¡Amor y paz!
Los invito, hermanos, a leer
y meditar el Evangelio y el comentario, en este viernes en que celebramos la
solemnidad del Sagrado Corazón de Jesús.
Dios nos bendice…
Evangelio según San Lucas 15,3-7.
Jesús les dijo entonces esta parábola: "Si alguien tiene cien ovejas y pierde una, ¿no deja acaso las noventa y nueve en el campo y va a buscar la que se había perdido, hasta encontrarla? Y cuando la encuentra, la carga sobre sus hombros, lleno de alegría, y al llegar a su casa llama a sus amigos y vecinos, y les dice: "Alégrense conmigo, porque encontré la oveja que se me había perdido". Les aseguro que, de la misma manera, habrá más alegría en el cielo por un solo pecador que se convierta, que por noventa y nueve justos que no necesitan convertirse".
Comentario
Hoy es la fiesta del Sagrado
Corazón de Jesús. La liturgia conduce nuestra mirada directamente a la fuente
del Amor más grande, al Amor crucificado. Hoy es un hermoso día para
contemplar, para saborear, para aprender cómo se ama. Porque los cristianos corremos
el riesgo de sustituir al Dios del amor y de la misericordia por el dios del
culto y de la ley, y hacer de éstos el criterio único de nuestro encuentro con
Él. Desde la cátedra de la cruz y con la herida de su costado abierta, Él sigue
atrayendo inexplicablemente a todos hacia Él para mostrarles la belleza del
Dios-amor, el único que existe. Uno de los infinitos perfiles de este Dios-amor
aparece en la primera de las tres parábolas del capítulo 15 de Lucas, que hoy
leemos en la Eucaristía. Nos conviene escucharle a Él para no confundirnos. En
concreto subraya, entre otras, tres rasgos del amor de Dios, del amor
verdadero:
Primero, el amor verdadero o
es personal o no lo es. Porque no puede ser amor la leyenda de aquel cartel de
Snoopy cuando decía con humor avinagrado: “Amo a la humanidad, pero no aguanto
a la gente”. A Jesús le importa la gente concreta; más aún, le importa uno
solo. Cada persona posee valor infinito. Uno vale más que todos. Es llamativo
que en el evangelio no aparezca jamás una declaración de derechos humanos, sino
la invitación a amar al próximo, que es una persona real y la tengo delante de
mí. Nadie sobra. Todos son primeros. Incluso los que parecen no merecerlo
porque “no hay nube por negra que sea que no tenga un borde plateado”.
Segundo, el amor verdadero o
es misericordioso o no lo es.

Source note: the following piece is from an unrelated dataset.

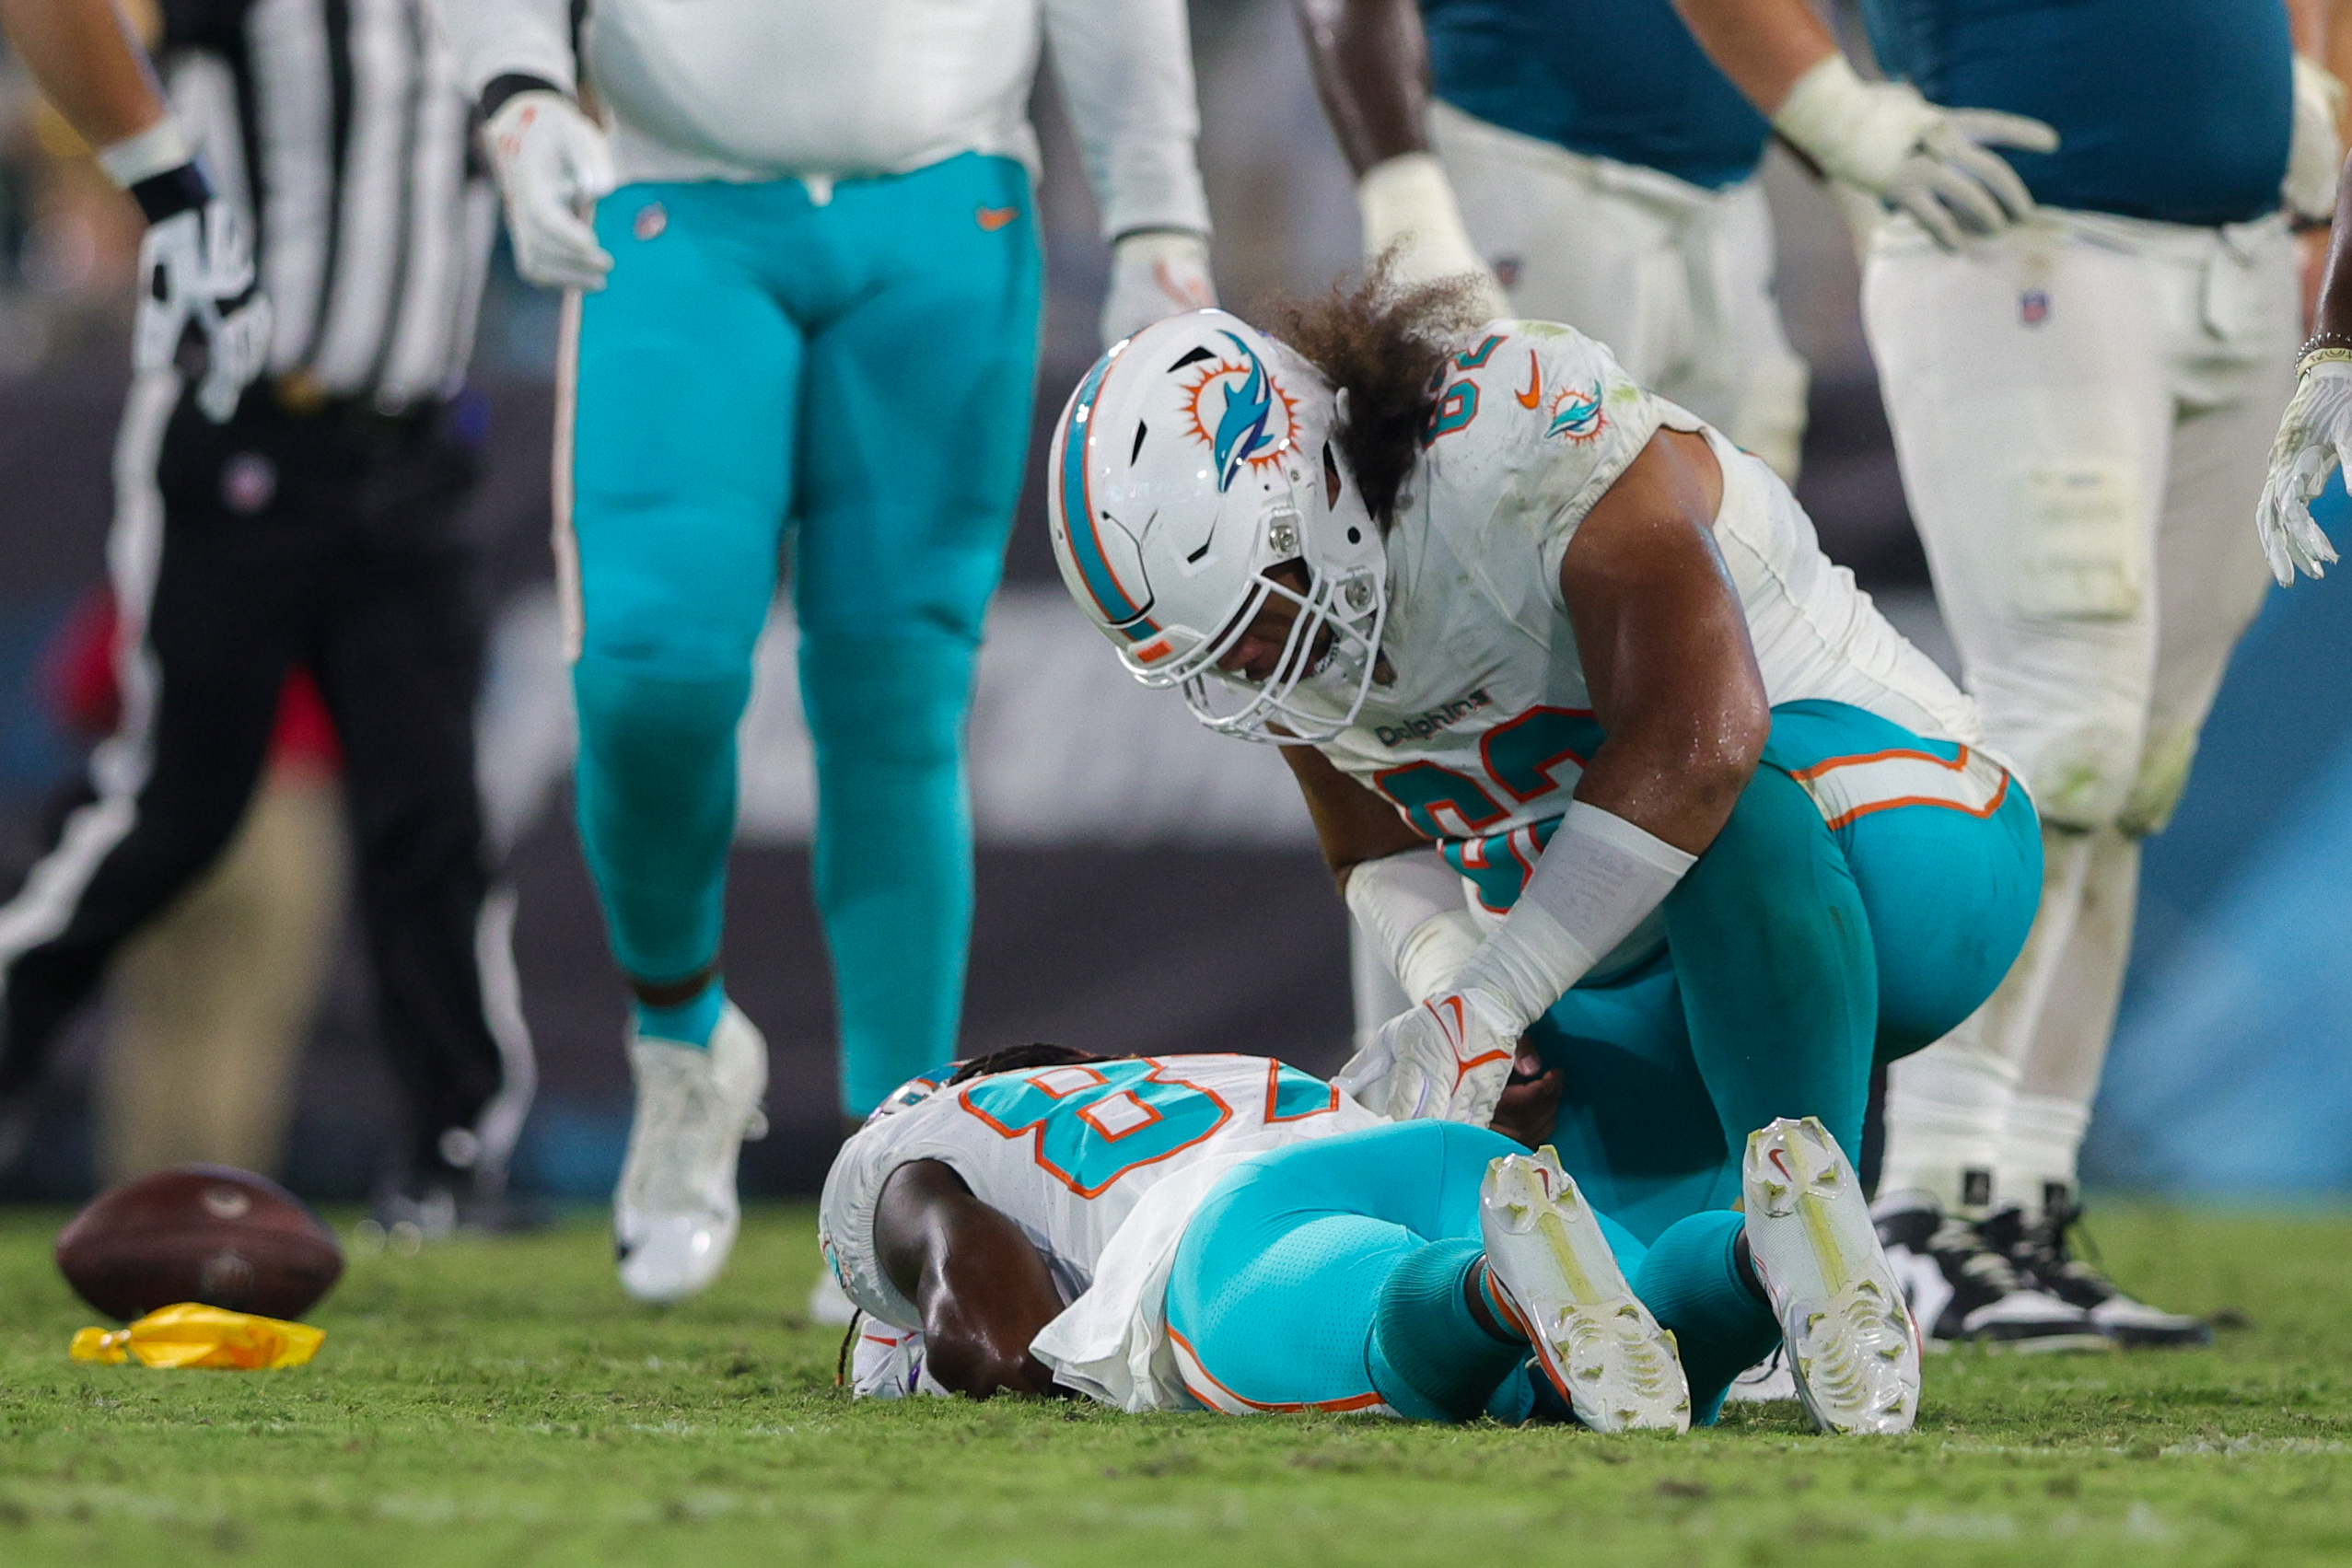 Dolphins' Daewood Davis conscious, moving after being carted off field

Jesús lo deja todo por el que está perdido, por
quien no es el mejor. La misericordia nace al adivinar las infinitas
posibilidades que se esconden en el perdido. Ser misericordioso es, pues, un ejercicio
de percepción; de ver al perdido como lo ve Jesús, sin confundir las
apariencias con la realidad. Decía Maquiavelo que “pocos ven lo que somos, pero
todos ven lo que aparentamos”. Y cuando se mira como Jesús miraba, se busca de
verdad, arriesgando, exponiendo. A Él le costó la vida. Es el signo del amor
eucarístico que transforma. Porque para cambiar a una persona, hay que amarla.
Solamente influimos hasta donde llega nuestro amor. El perdón, aunque no cambia
el pasado, siempre agranda el futuro.
Tercero y último, el
amor verdadero o concluye en fiesta o no lo es. Por ello esta parábola parece
ser una versión aplicada de las bienaventuranzas. El amor, aunque no comience
con gozo, siempre desemboca en la verdadera alegría. “Bienaventurados los
misericordiosos...” La misericordia enamorada produce como fruto la alegría
bienaventurada. Se la reconoce por lo contagiosa que es. Hay que compartirla
con otros. Y es que un asunto no está acabado si no está bien acabado.